Records shown:
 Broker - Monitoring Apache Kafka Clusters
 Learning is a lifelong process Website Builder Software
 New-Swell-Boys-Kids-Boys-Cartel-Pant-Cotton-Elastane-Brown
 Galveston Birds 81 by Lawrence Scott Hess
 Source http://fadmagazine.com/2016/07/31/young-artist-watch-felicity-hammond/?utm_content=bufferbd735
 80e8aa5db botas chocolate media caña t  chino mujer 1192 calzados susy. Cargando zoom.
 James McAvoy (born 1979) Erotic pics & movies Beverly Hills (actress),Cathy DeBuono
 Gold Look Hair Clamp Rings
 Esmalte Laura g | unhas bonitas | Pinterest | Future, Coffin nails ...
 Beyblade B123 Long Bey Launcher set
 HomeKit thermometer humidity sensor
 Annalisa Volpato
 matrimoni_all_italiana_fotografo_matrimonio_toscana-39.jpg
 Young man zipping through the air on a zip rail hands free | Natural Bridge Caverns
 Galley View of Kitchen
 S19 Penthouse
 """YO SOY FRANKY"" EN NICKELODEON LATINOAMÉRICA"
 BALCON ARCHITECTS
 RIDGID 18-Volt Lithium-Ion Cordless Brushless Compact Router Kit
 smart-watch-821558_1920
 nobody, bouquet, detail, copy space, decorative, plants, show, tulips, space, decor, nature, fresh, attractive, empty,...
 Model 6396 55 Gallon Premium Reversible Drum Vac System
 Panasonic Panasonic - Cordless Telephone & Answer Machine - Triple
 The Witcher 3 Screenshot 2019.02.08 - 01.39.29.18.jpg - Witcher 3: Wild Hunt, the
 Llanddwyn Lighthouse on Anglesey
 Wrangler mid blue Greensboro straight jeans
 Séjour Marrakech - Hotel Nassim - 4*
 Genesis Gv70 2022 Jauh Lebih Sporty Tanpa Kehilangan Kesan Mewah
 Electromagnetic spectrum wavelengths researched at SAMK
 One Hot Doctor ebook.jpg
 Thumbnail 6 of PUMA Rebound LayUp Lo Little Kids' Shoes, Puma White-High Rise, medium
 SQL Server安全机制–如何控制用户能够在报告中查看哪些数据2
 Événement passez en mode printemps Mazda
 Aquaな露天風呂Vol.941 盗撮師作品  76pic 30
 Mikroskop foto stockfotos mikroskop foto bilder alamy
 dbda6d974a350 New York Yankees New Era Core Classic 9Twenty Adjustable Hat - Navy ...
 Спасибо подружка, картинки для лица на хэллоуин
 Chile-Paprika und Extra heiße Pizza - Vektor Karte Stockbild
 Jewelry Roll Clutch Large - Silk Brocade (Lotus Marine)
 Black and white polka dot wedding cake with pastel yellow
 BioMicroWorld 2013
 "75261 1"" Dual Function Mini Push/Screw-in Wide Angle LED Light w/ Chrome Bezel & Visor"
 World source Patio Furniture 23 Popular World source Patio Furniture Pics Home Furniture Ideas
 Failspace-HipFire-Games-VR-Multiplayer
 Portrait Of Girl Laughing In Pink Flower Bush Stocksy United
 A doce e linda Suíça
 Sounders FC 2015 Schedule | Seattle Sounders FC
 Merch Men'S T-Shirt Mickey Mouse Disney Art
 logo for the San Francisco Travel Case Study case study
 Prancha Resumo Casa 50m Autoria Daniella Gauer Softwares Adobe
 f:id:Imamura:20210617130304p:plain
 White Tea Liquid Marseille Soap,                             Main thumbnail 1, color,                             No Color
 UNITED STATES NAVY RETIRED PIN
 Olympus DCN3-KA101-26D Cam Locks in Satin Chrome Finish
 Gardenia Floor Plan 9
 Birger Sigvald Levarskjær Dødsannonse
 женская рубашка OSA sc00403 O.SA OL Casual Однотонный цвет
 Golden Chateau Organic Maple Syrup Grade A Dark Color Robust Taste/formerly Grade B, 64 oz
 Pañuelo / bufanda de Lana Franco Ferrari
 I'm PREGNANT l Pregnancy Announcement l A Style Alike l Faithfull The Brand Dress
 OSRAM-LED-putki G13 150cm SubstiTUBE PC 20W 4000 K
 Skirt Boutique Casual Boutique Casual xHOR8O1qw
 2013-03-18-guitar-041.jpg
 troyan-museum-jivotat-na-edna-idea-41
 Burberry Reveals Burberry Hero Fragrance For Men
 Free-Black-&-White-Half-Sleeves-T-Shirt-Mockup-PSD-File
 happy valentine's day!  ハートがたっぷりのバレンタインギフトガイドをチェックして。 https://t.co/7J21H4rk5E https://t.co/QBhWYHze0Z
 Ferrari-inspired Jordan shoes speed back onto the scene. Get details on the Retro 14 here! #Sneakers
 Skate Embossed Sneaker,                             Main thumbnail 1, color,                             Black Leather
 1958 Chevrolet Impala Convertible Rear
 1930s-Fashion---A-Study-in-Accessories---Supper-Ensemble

Exercise requirements:
From the material above, copy exactly the lines between the line holding "logo for the" and the line holding "Birger Sigvald Levarskjær Dødsannonse", inclusive, and only those.

Answer for the task:
 logo for the San Francisco Travel Case Study case study
 Prancha Resumo Casa 50m Autoria Daniella Gauer Softwares Adobe
 f:id:Imamura:20210617130304p:plain
 White Tea Liquid Marseille Soap,                             Main thumbnail 1, color,                             No Color
 UNITED STATES NAVY RETIRED PIN
 Olympus DCN3-KA101-26D Cam Locks in Satin Chrome Finish
 Gardenia Floor Plan 9
 Birger Sigvald Levarskjær Dødsannonse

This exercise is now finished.